И еще: вы не обратили внимания на то, что он теперь никогда не расспрашивает вас, что вы делаете, где проводите время, как он расспрашивает любого гостя? Он играет с вами на бильярде, потому что вы играете лучше него, да еще бьется на рапирах и палках — тут вы тоже равны. Но он не вызывает вас ни на бокс, ни на борьбу.

— Да, в этом он действительно может победить меня, — пробормотал Грэхем.

— Понаблюдайте, и вы увидите, что я права. А ко мне он относится, как к норовистому жеребенку, — пусть, дескать, куролесит сколько душе угодно. Ни за что на свете не вмешается он в мои дела. О, поверьте, я его знаю. Он живет по своим собственным правилам и мог бы научить философов тому, что такое практическая философия.

— Нет, нет, слушайте! — торопливо продолжала она, видя, что Грэхем хочет ее прервать. — Я скажу вам больше. Из библиотеки в рабочую комнату Дика ведет потайная лестница, ею пользуются только я, он да его секретарь. Когда вы поднимаетесь по этой лестнице, то попадаете прямо в его комнату и оказываетесь среди книжных шкафов и полок. Я сейчас оттуда. Я шла к нему, но услышала голоса и решила, что, как обычно, идет разговор о делах имения и что он скоро освободится. Поэтому я осталась ждать. Это были действительно разговоры о делах, но такие интересные, такие, как сказал бы Хэнкок, «проливающие свет», что я не могла не подслушать. Эти разговоры «проливали свет» на характер самого Дика, хочу я сказать.

Он беседовал с женой одного из рабочих. Она пришла с жалобой… Такие вещи не редкость в рабочих поселках. Если бы я эту женщину встретила, я бы ее не узнала и не вспомнила бы даже ее имени. Она все жаловалась, но Дик остановил ее. «Это не важно, — сказал он, — мне важно знать, сами-то вы поощряли Смита или нет?»

Его зовут не Смитом — я не помню как, но это не имеет значения, — он служит у нас вот уже восемь лет, работает мастером.

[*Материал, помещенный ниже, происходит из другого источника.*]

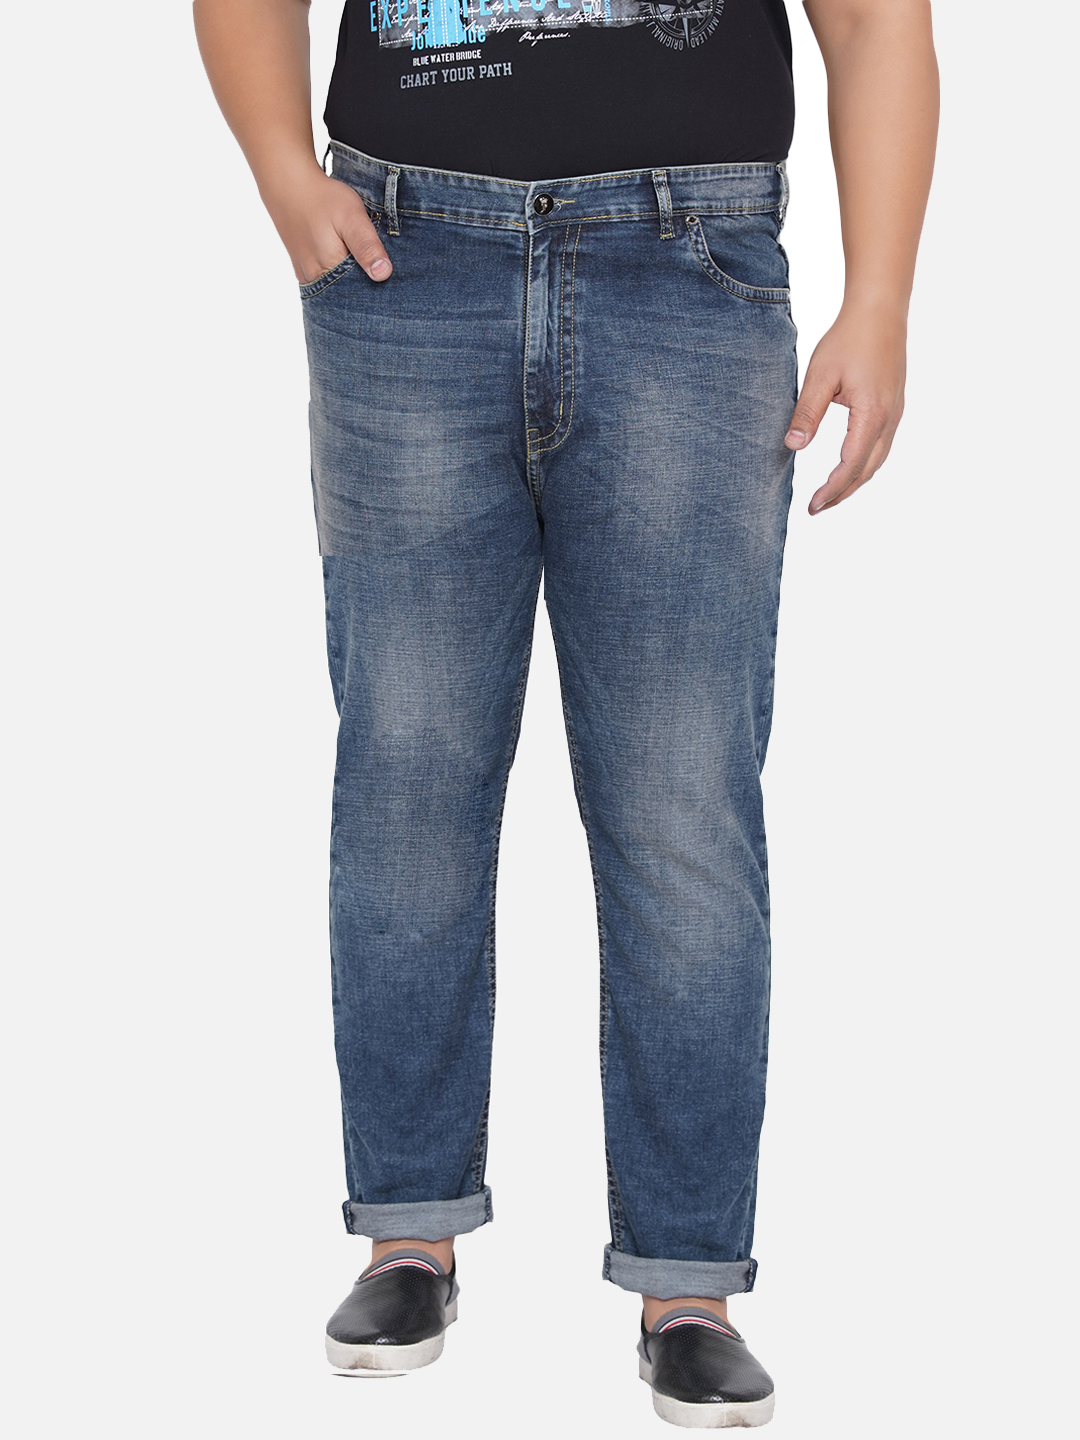 bottomwear/jeans/PJPJ6046/pjpj6046-3.jpg
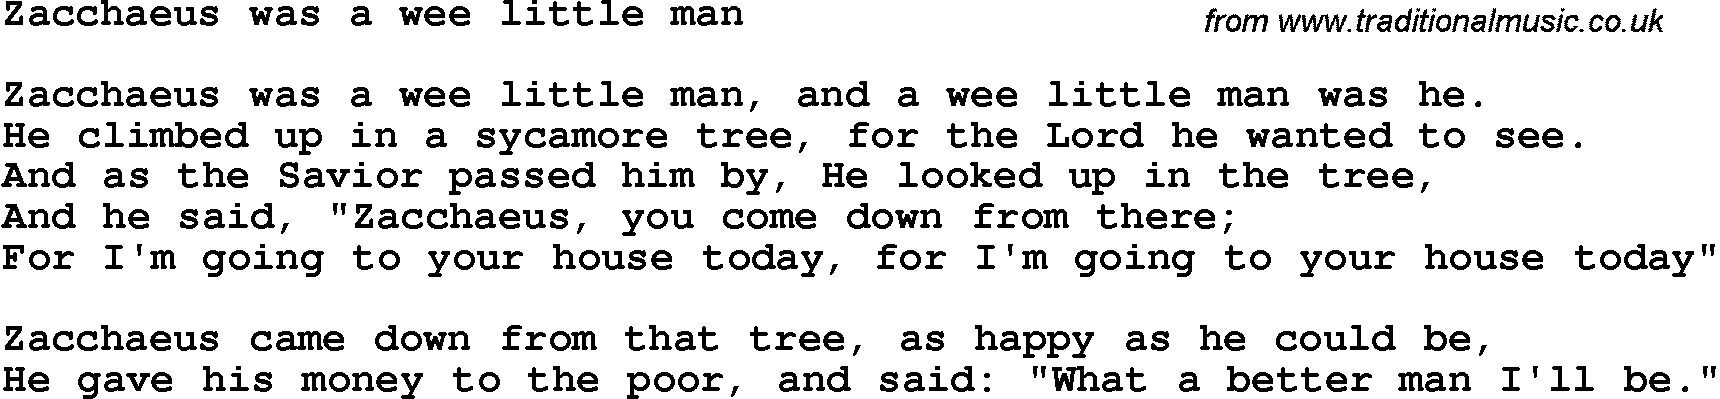 Christian Chlidrens Song Zacchaeus Was A Wee Little Man Lyrics

«О нет, сэр, — услышала я ее ответ. — Он все время мне проходу не давал. Я, конечно, старалась избегать его. Да и у моего мужа характер бешеный, а я больше всего боюсь, как бы он не потерял место. Он почти год служит здесь и, кажется, ни в чем не замечен. Правда? До этого у него бывали только случайные заработки, и нам приходилось очень туго. Не его это вина, он не пьет, и всегда…»

«Ладно, — перебил ее Дик. — Ни его работа, ни его поведение тут ни при чем. Значит, вы утверждаете, что никогда не давали Смиту никаких оснований для ухаживания?»

Нет, она на этом настаивала и целых десять минут подробно рассказывала о его приставаниях. У нее очень приятный голосок — знаете, бывают такие робкие и мягкие женские голоса; и, наверно, она очень мила.

Я едва удержалась, чтобы не заглянуть в кабинет. Мне так хотелось посмотреть на нее.

«Значит, это произошло вчера утром? — спросил Дик. — А другие слышали? Я хочу сказать: кроме вас, мистера Смита и вашего мужа, — ну хотя бы соседи знали об этом?»

«Да, сэр. Видите ли, он не имел никакого права входить ко мне в кухню. Мой муж не его подчиненный. Он обнял меня и старался поцеловать, а тут как раз вошел мой муж. Хоть он и с характером, но не так чтобы очень силен. Смит вдвое выше. Муж вытащил нож, а мистер Смит схватил его за обе руки, они сцепились и стали кататься по всей кухне. Я испугалась, как бы до смертоубийства не дошло, выбежала и начала звать на помощь. Но соседи уже услышали, что у нас скандал. Муж и Смит в драке разбили окно, своротили печку, вся кухня была полна дыма и золы, их насилу растащили. А меня опозорили. За что? Вы же знаете, сэр, как теперь все бабы будут трепать языком…»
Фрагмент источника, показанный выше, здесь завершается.